** Data provided follows **

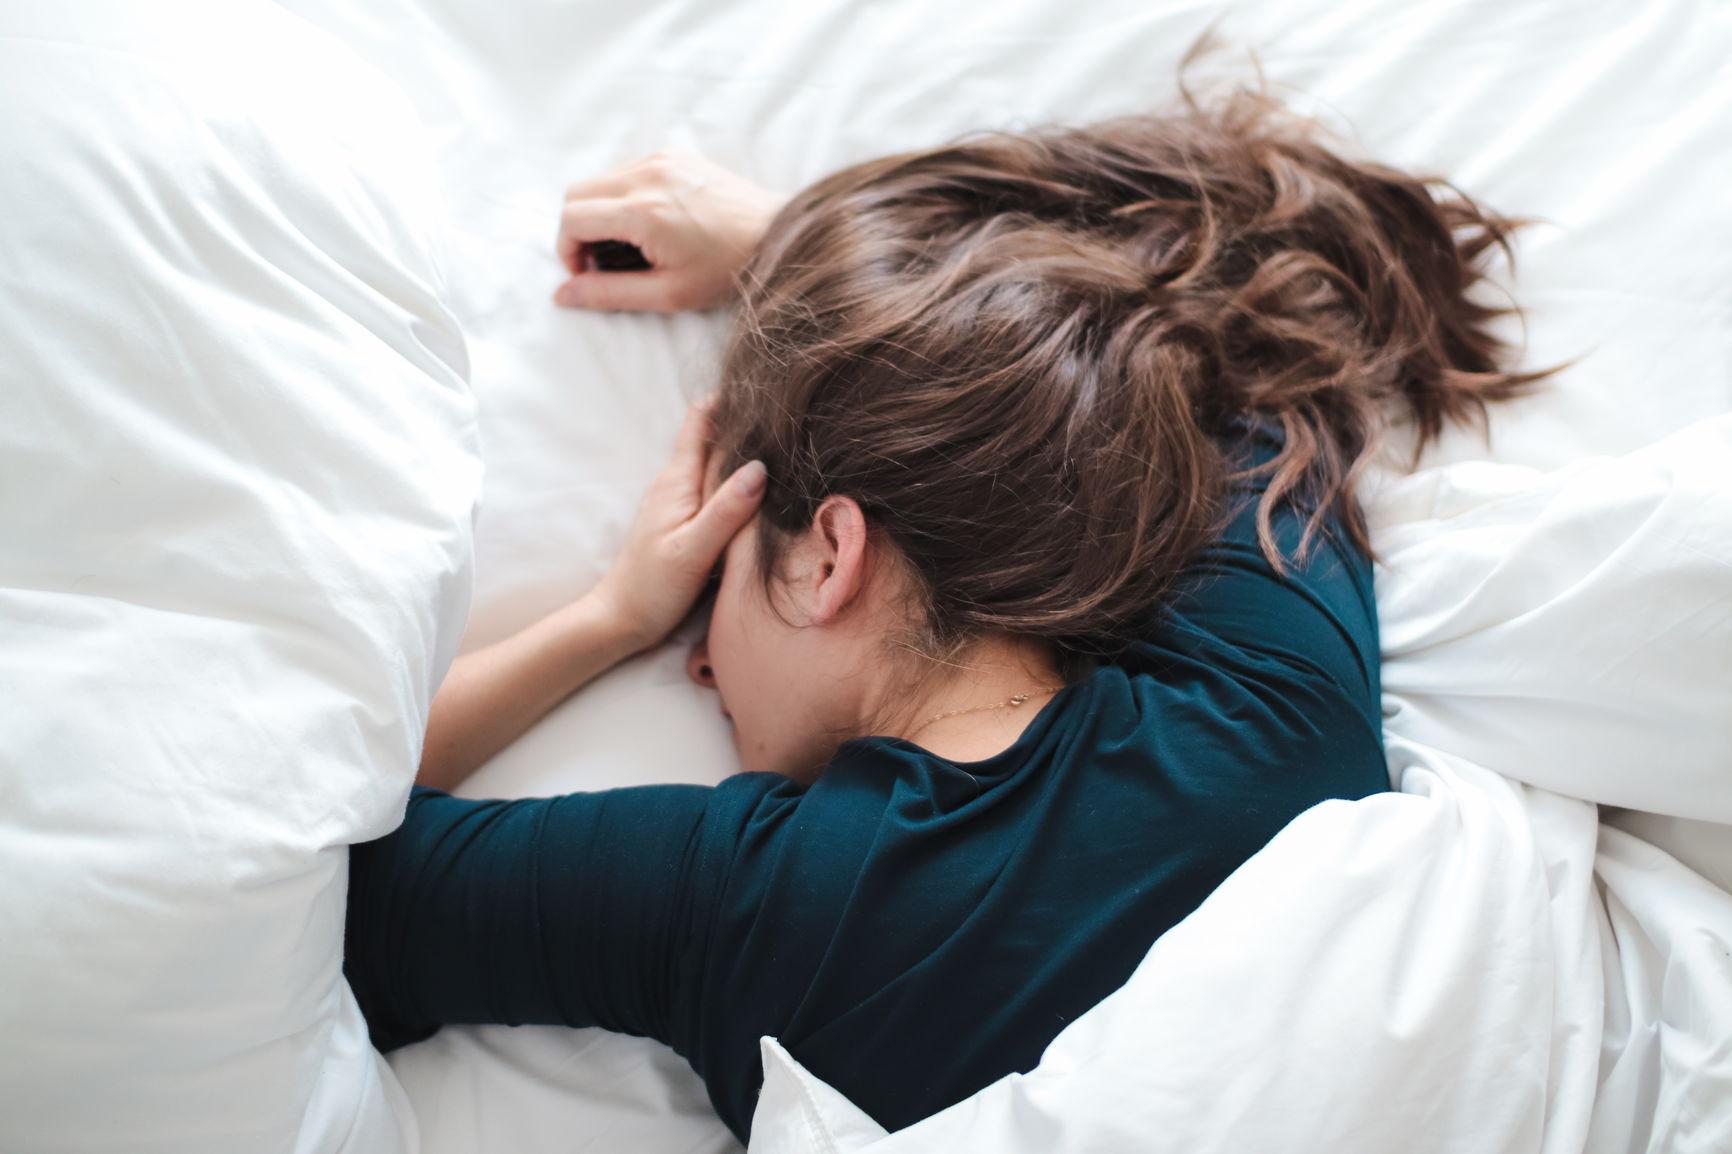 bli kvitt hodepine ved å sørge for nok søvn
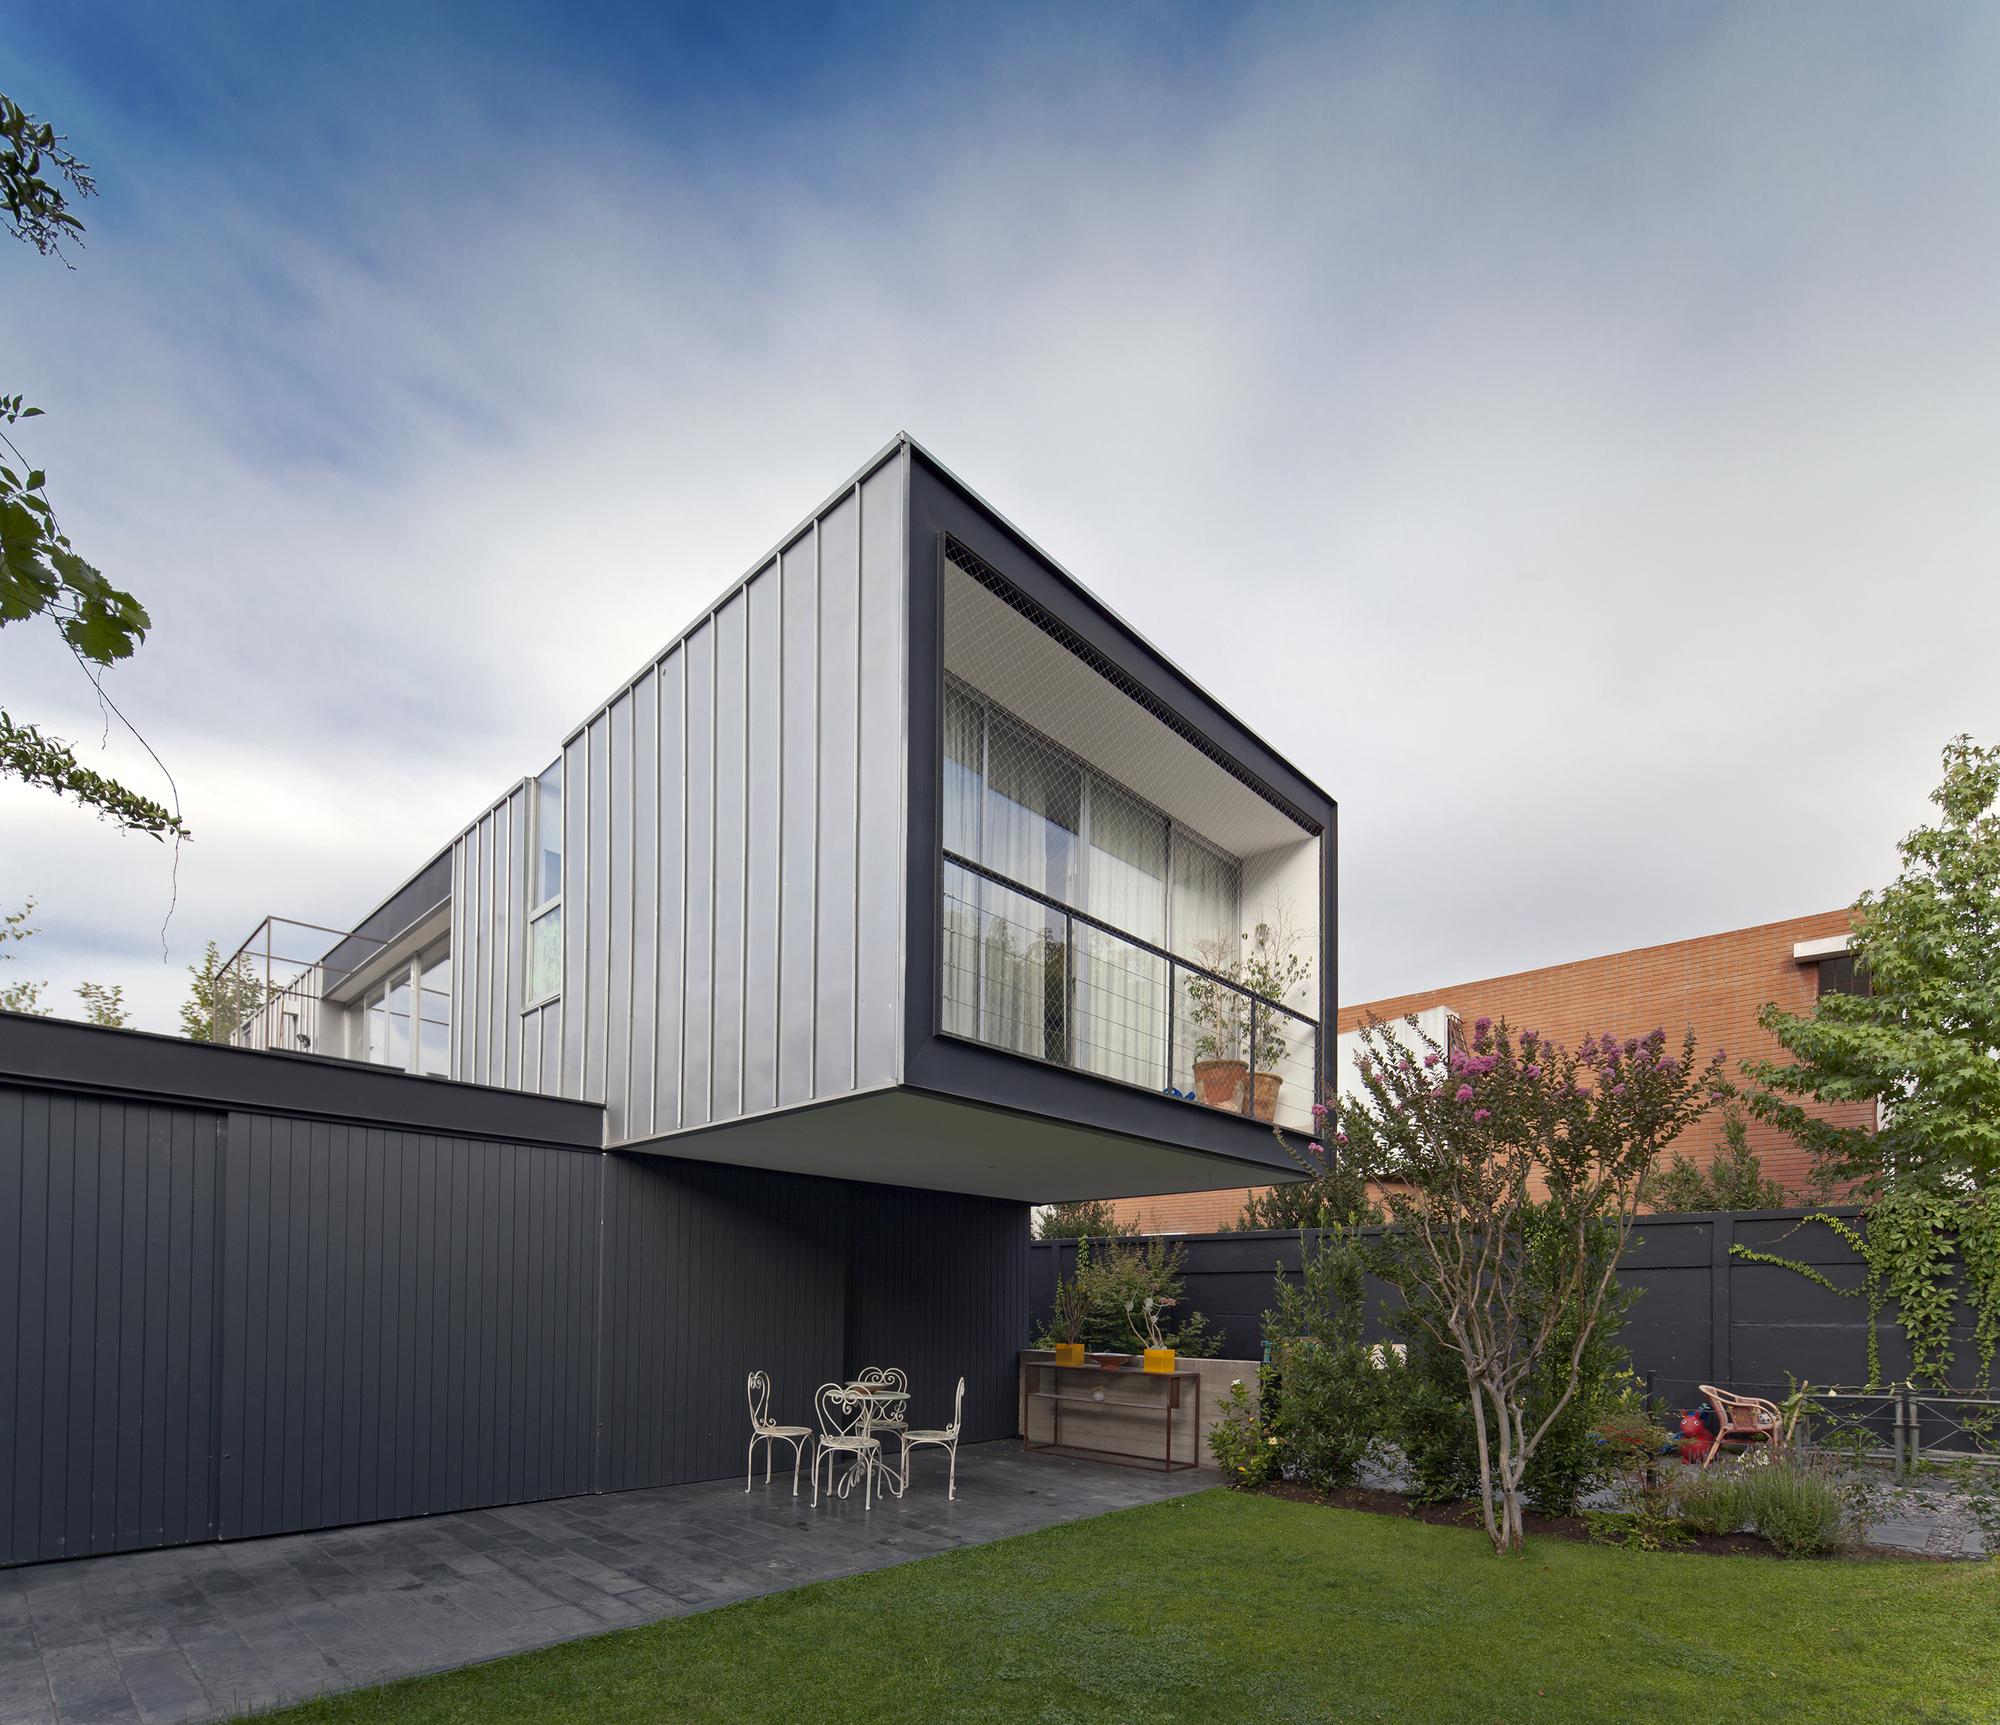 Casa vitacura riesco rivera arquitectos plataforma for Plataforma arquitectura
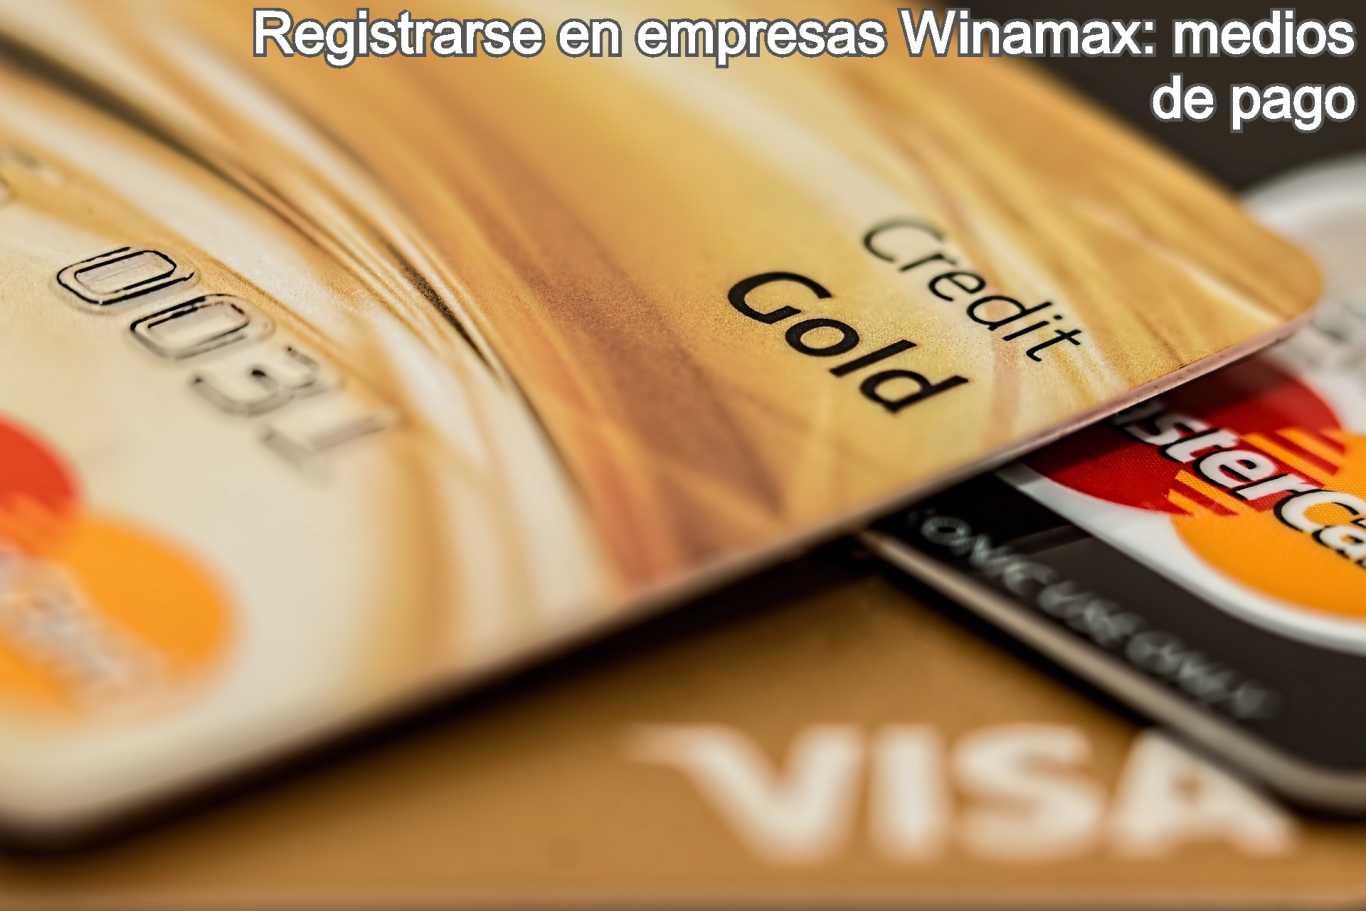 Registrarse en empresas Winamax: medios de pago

** End of Data provided **

Copy every line of the listing above exactly. Leave each picture out.

 bli kvitt hodepine ved å sørge for nok søvn
 Casa vitacura riesco rivera arquitectos plataforma for Plataforma arquitectura
 Registrarse en empresas Winamax: medios de pago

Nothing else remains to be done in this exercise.